● Problem statement: Pictures are not part of the copy. Set down exactly the lines from the one containing "Remodelando la Casa Kitchen Island Update" through the last line of the material below.

● Dataset excerpt:

****************

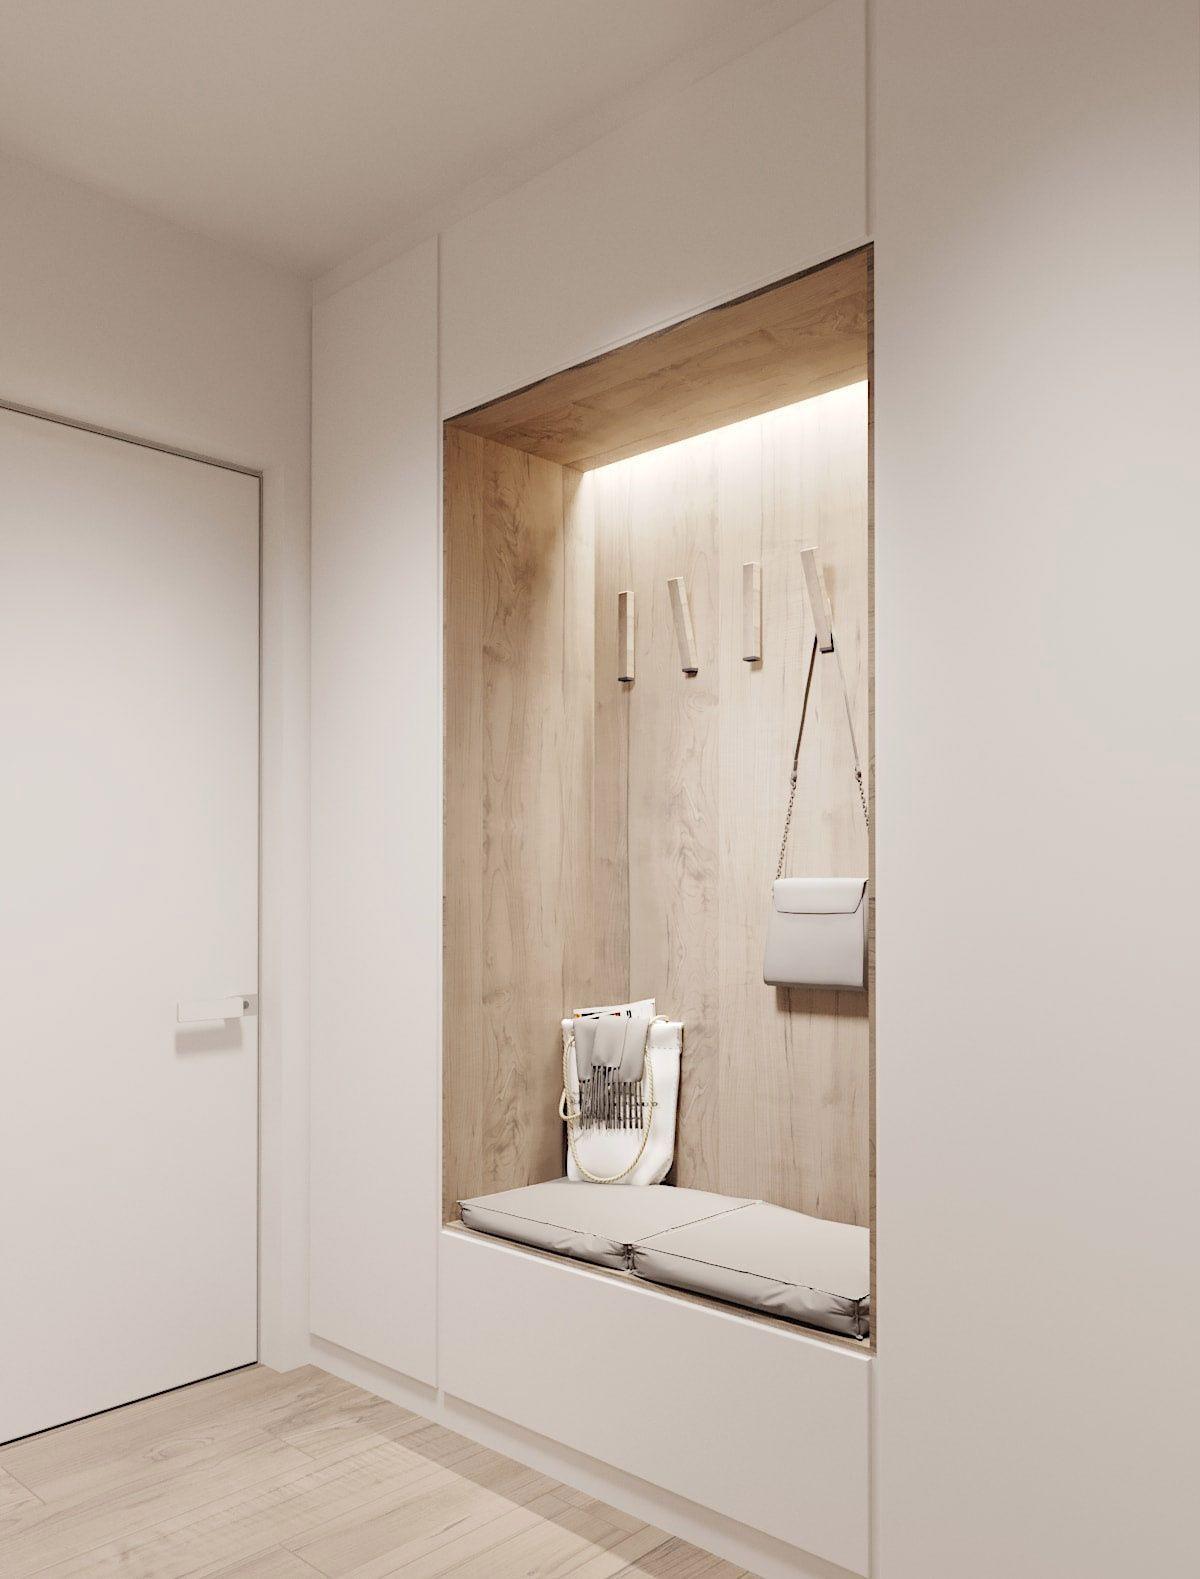 Idee Deco Couloir Moderne home decor - petite, precious & pastel home interior | idée
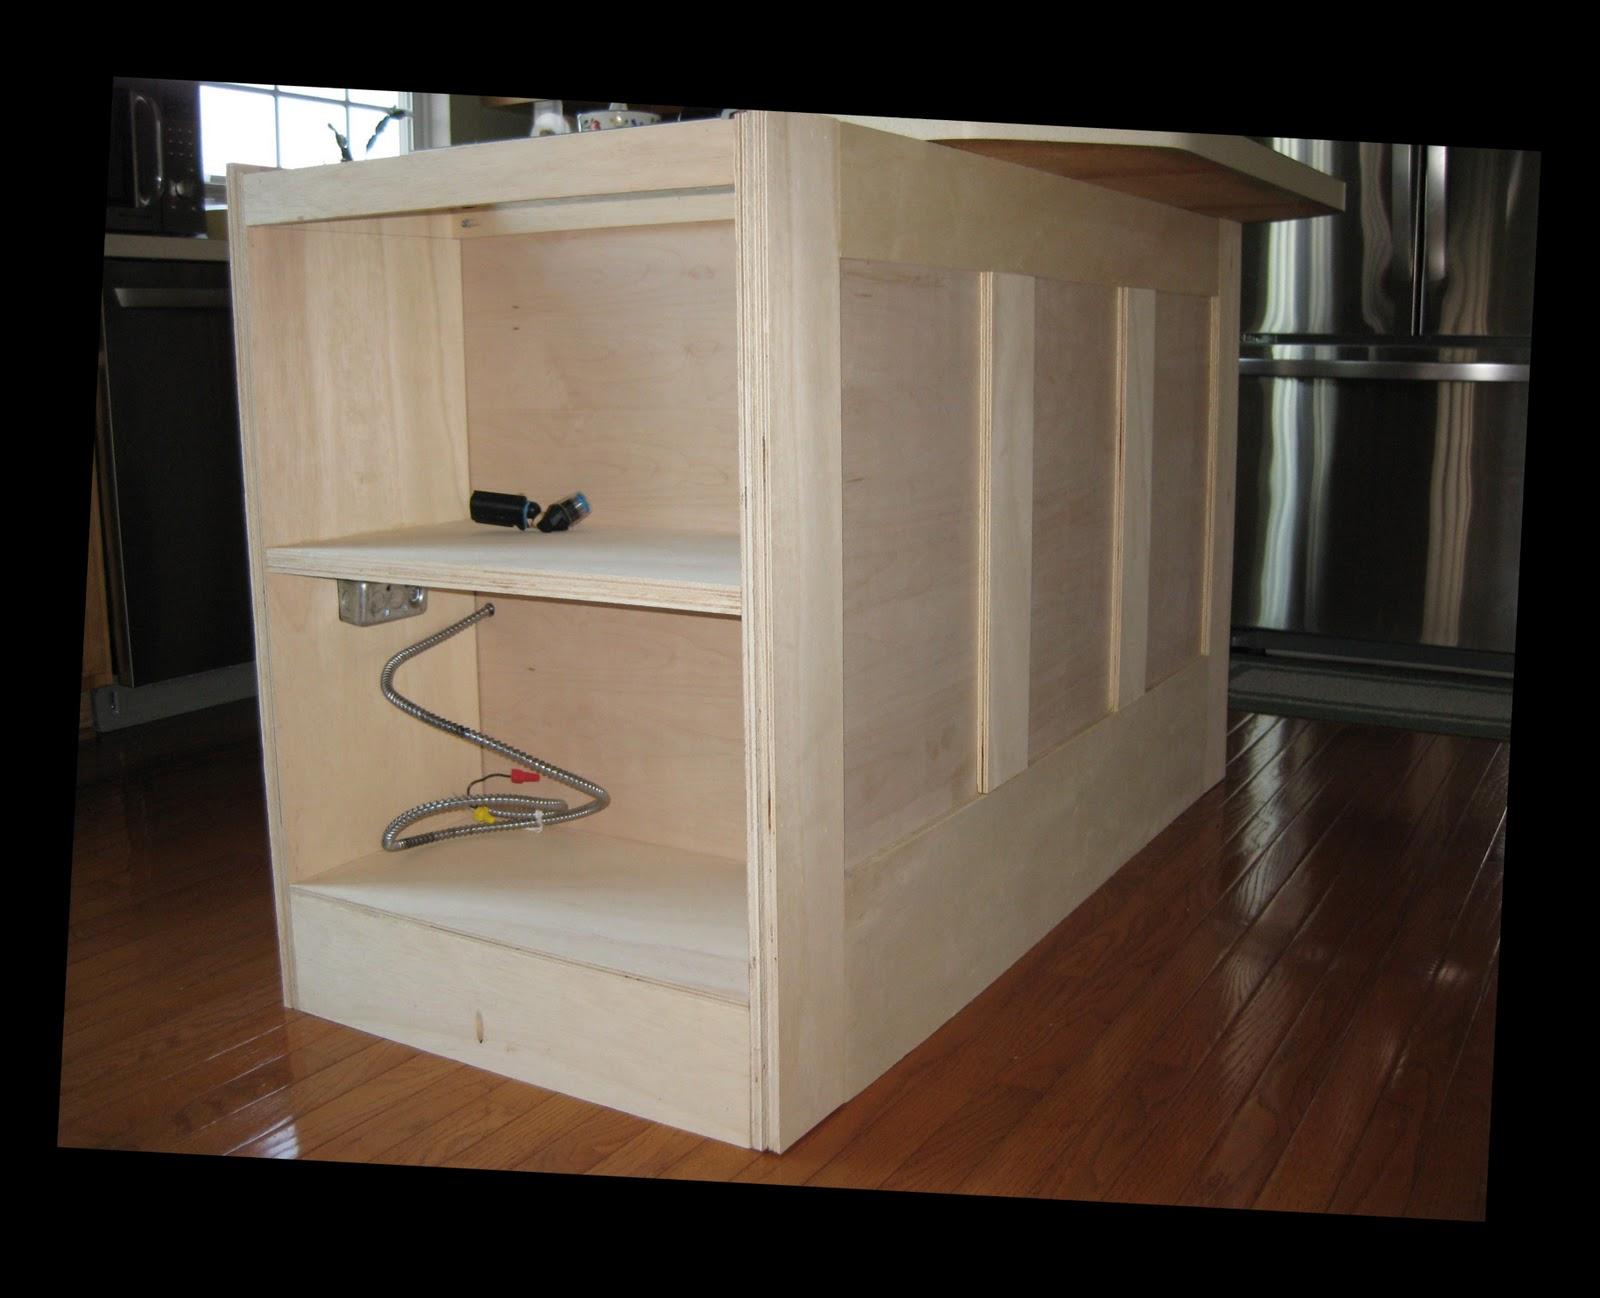 Remodelando la Casa Kitchen Island Update
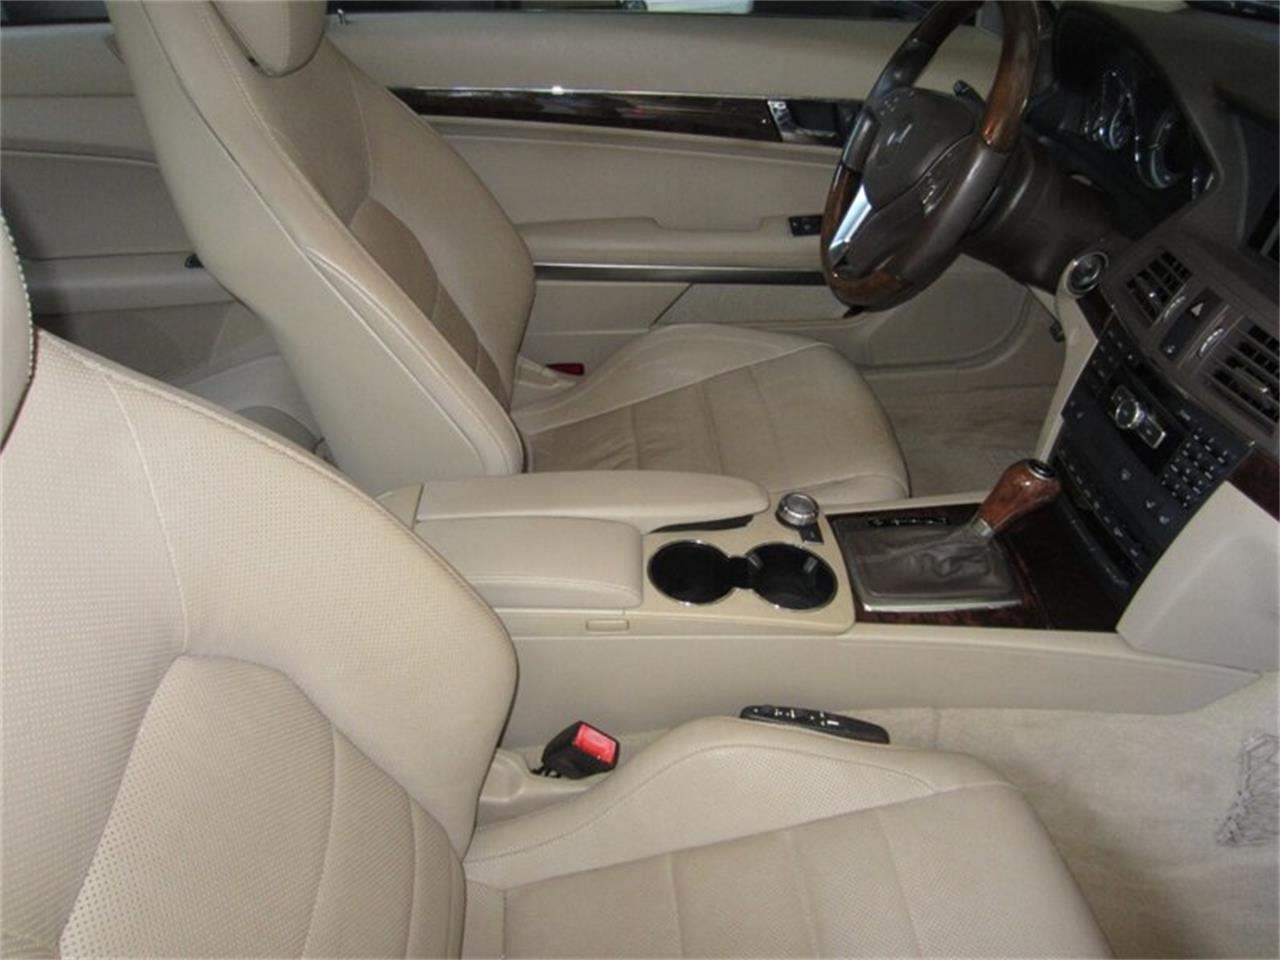 2013 Mercedes-Benz E-Class (CC-1358873) for sale in Delray Beach, Florida

****************

● Final answer:
 Remodelando la Casa Kitchen Island Update
 2013 Mercedes-Benz E-Class (CC-1358873) for sale in Delray Beach, Florida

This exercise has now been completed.